A motion caught his eye and smiling still he glanced to the corner of his yard. Something nosing out of the bushes toward the road. A dog?
No!
"Sarah!"
His daughter stood up and looked at him in panic--a deer spotting a hunter. She turned and ran at top speed toward the truck, whose driver was oblivious to the girl.
"Sarah, stop!" Corde shouted in astonishment. "No!" He ran after her.
She was squealing with terror, running ahead of herself, tripping as her feet windmilled, her arms flailing in panic. She was aiming right for the truck's massive rear wheels, which were as tall as she was.
"Oh, honey, stop! Please!" he gasped, and ran flat out, the Mace canister and a Speedloader falling from his Sam Browne belt, handcuffs thwacking his back.
"Leave me alone!" Sarah wailed, and plunged ahead toward the truck's tires.
She dropped the backpack and made a frantic sprint for the truck. It seemed like she was going to leap right for the huge thundering disks of tires, firing pebbles into the air behind the trailer.
Sarah was three feet from the wheels when Corde tackled her. They landed, skidding, in a pile on the messy shoulder as the truck rumbled past them, the stack burping as the engine revved and the driver up-shifted, unaware of the struggle he left behind.
Sarah squealed and kicked. Panicked, Corde rolled to his knees and shook her by the shoulders. His hand rose, palm flat. She squealed in terror. He screamed, "What are you doing, what are you doing?" Corde, who had spanked Jamie only once and Sarah not at all in their collective twenty-four years on earth, lowered his hand. "Tell me!"
"Leave me alone!"
Diane was running toward them. "What happened? What happened?"

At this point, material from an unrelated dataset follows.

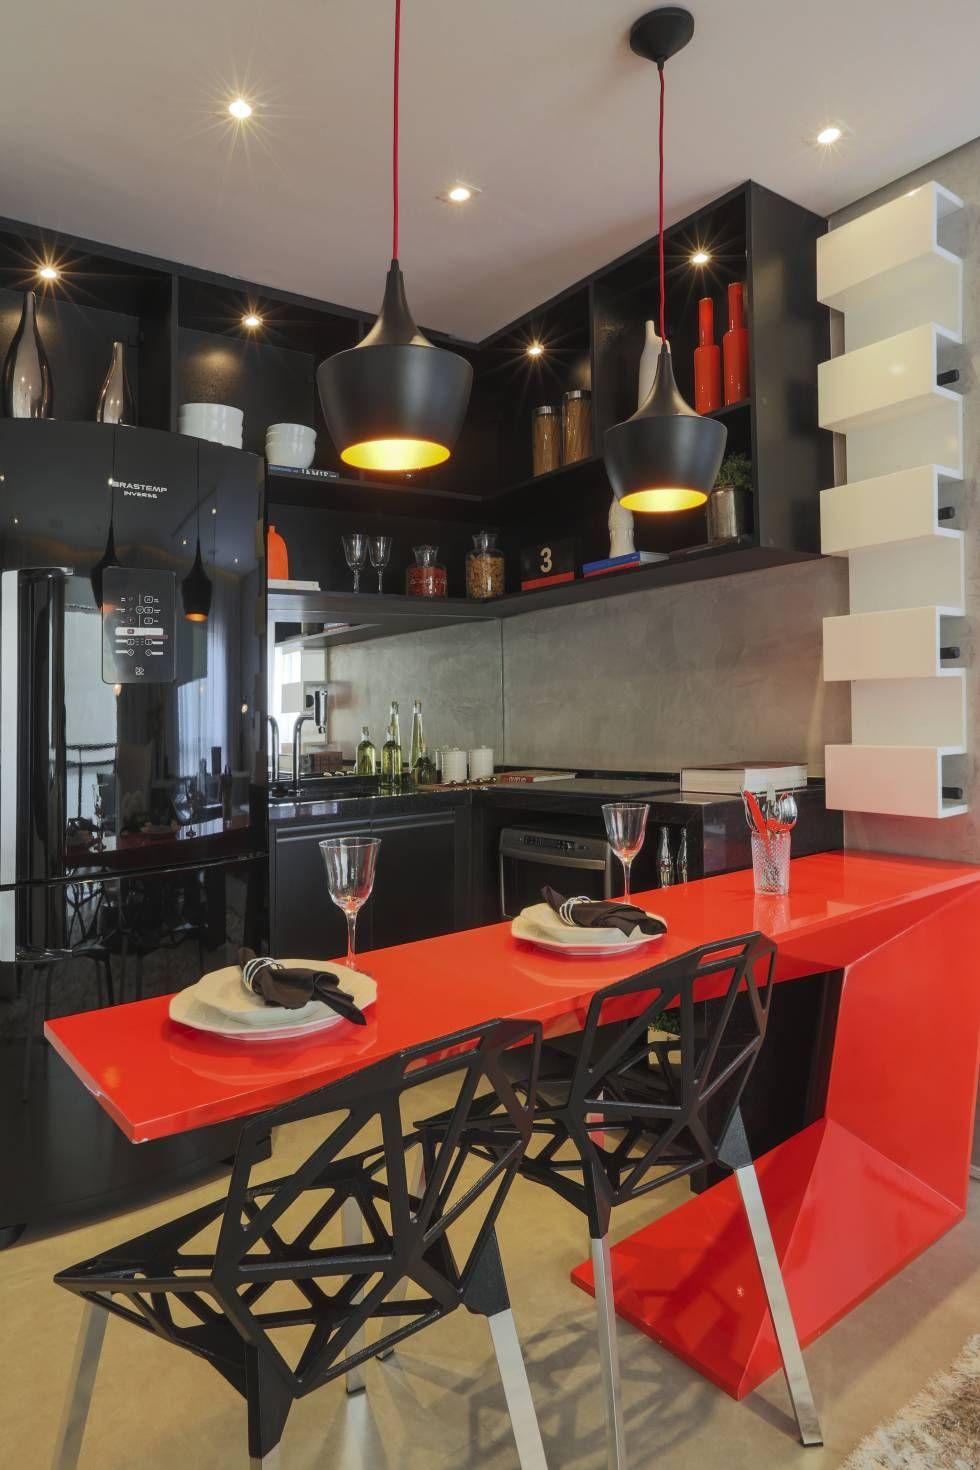 Cozinhas Coloridas 85 Fotos De Cozinhas Alegres E Lindas Fotos De

Corde stood. The panic was gone but it had left in its place the sting of betrayal. He stepped back. Diane dropped to her knees and held the child's face in her hands. She took a breath to start the tirade then paused, seeing the despair in her little girl's face. "Sarah, you were running away? Running away from home?"
Sarah wiped her tears and nose with her sleeves. She didn't respond. Diane repeated the question. Sarah nodded.

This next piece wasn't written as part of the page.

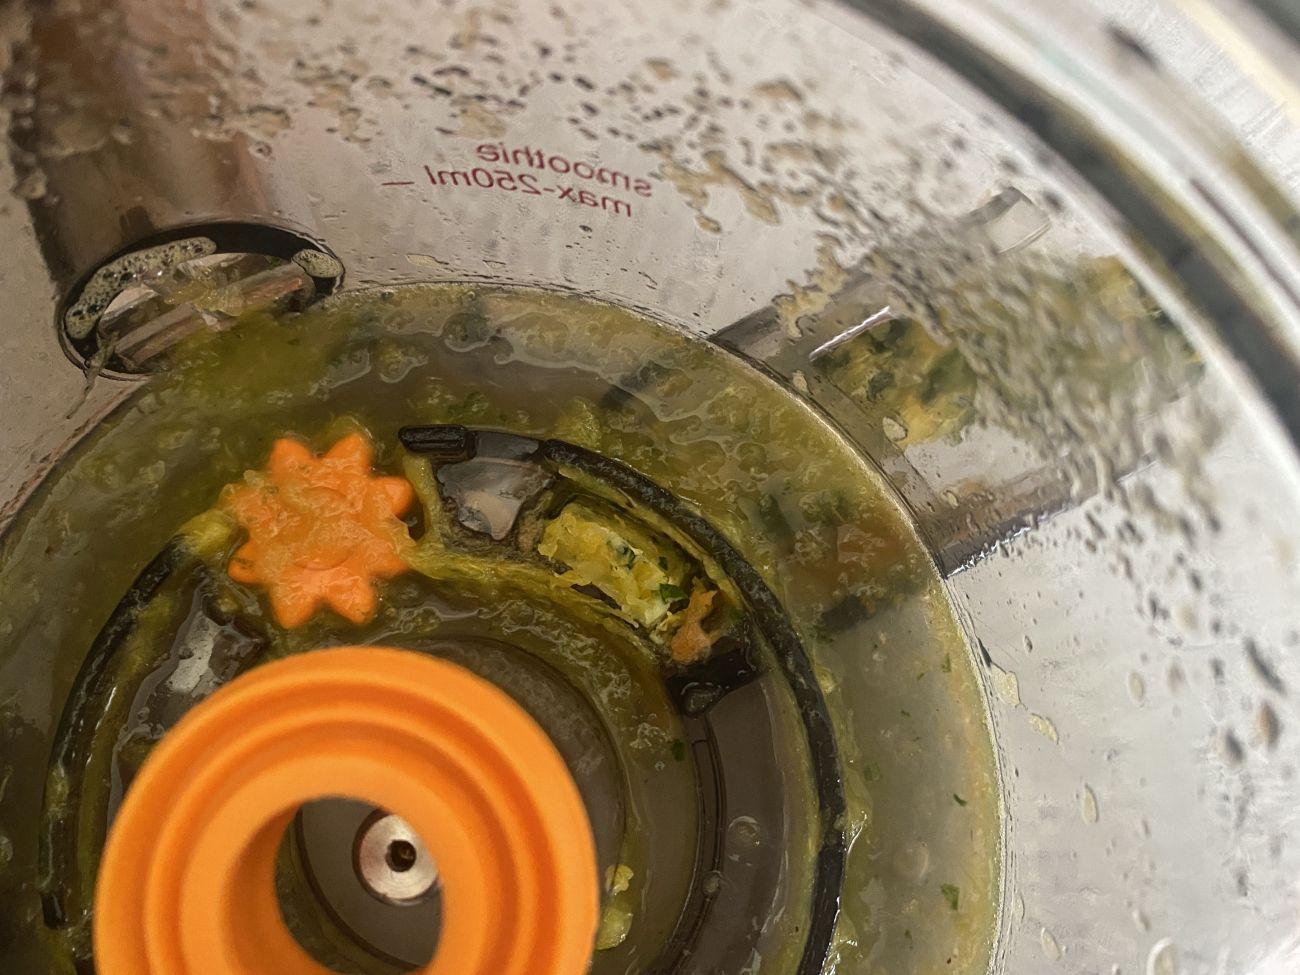 Götze & Jensen SJ901T zapchany wylot pulpy przygotowany do mycia

"Why?" her father demanded.
"Because."
"Sarah--" Corde beg
an sternly.
The little girl seemed to wince. "It's not my fault. The wizard told me to."
"The wizard?"
"The Sunshine Man ..."
This was one of the imaginary friends that Sarah played with. Corde remembered Sarah had created him after the family attended the funeral of Corde's father and the minister had lifted his arms to the sun, speaking about "souls rising into heaven." It was Sarah's first experience with death and Corde and Diane had been reluctant to dislodge the apparently friendly spirit she created. But in the past year, to the parents' increasing irritation, the girl referred to him more and more frequently.
"He made Redford T. Redford fly out to the forest and he told me--"

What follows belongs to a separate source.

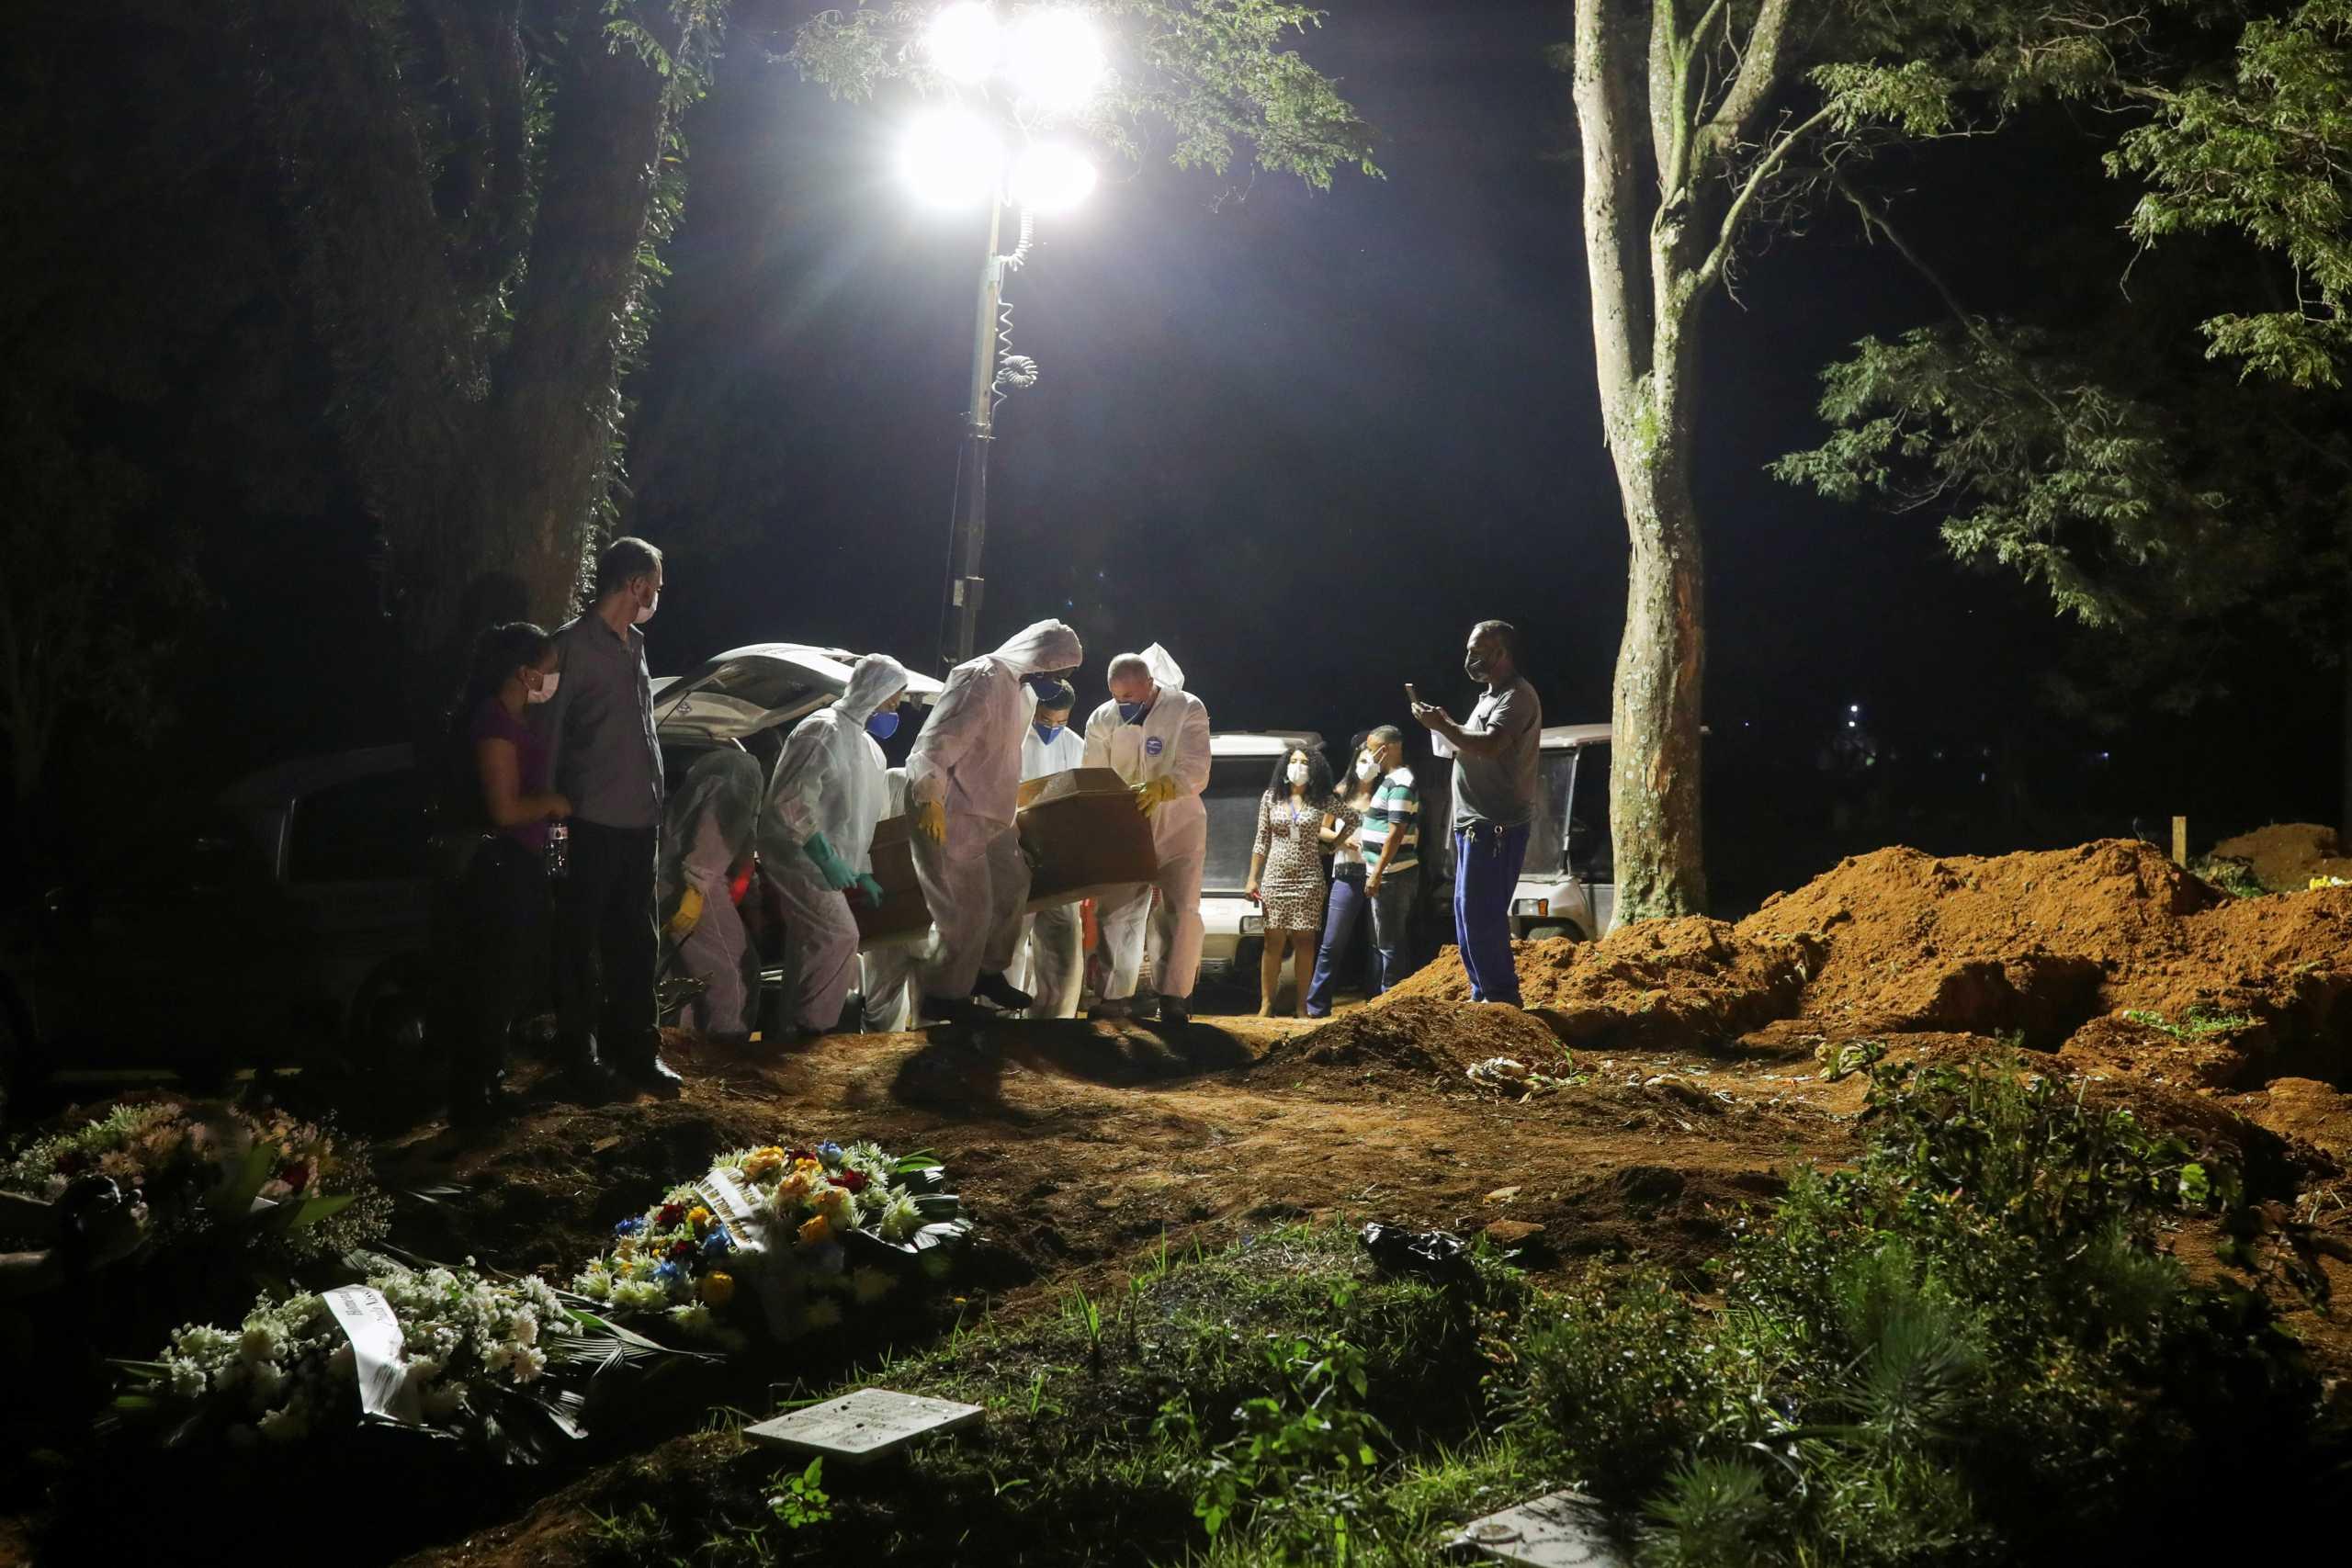 Κορονοϊός – Νέο αρνητικό ρεκόρ στη Βραζιλία: 100.000 κρούσματα σε μια μέρα

Diane's voice cut through the yard. "No more of this magic crap, do you hear me, young lady? What were you doing?"
"Leave me alone." The tiny mouth tightened ominously.
Corde said, "It's going to be okay, honey. Don't worry."
"I'm not going back to school."
Diane whispered in a low, menacing voice, "Don't you ever do that again, Sarrie, do you understand me? You could've been killed."
"I don't care!"
"Don't say that. Don't ever say that!" Mother's and daughter's strident tones were different only in pitch.
Corde touched his wife's arm and shook his head. To Sarah he said, "It's okay, honey. We'll talk about it later."
Sarah bent down and picked up her knapsack and walked toward the house. With boundless regret on her face, she looked back--not however at the ashen faces of her parents but toward the road down which the silver truck was hurrying away without her.
They stood in the kitchen awkwardly, like lovers who must suddenly discuss business. Unable to look at him, Diane told him about Sarah's incident at school that day.
Corde said contritely, "She didn't want to go today. I drove her back this morning and made her. I guess I shouldn't have."
"Of course you should have. You can't let her get away with this stuff, Bill. She uses us."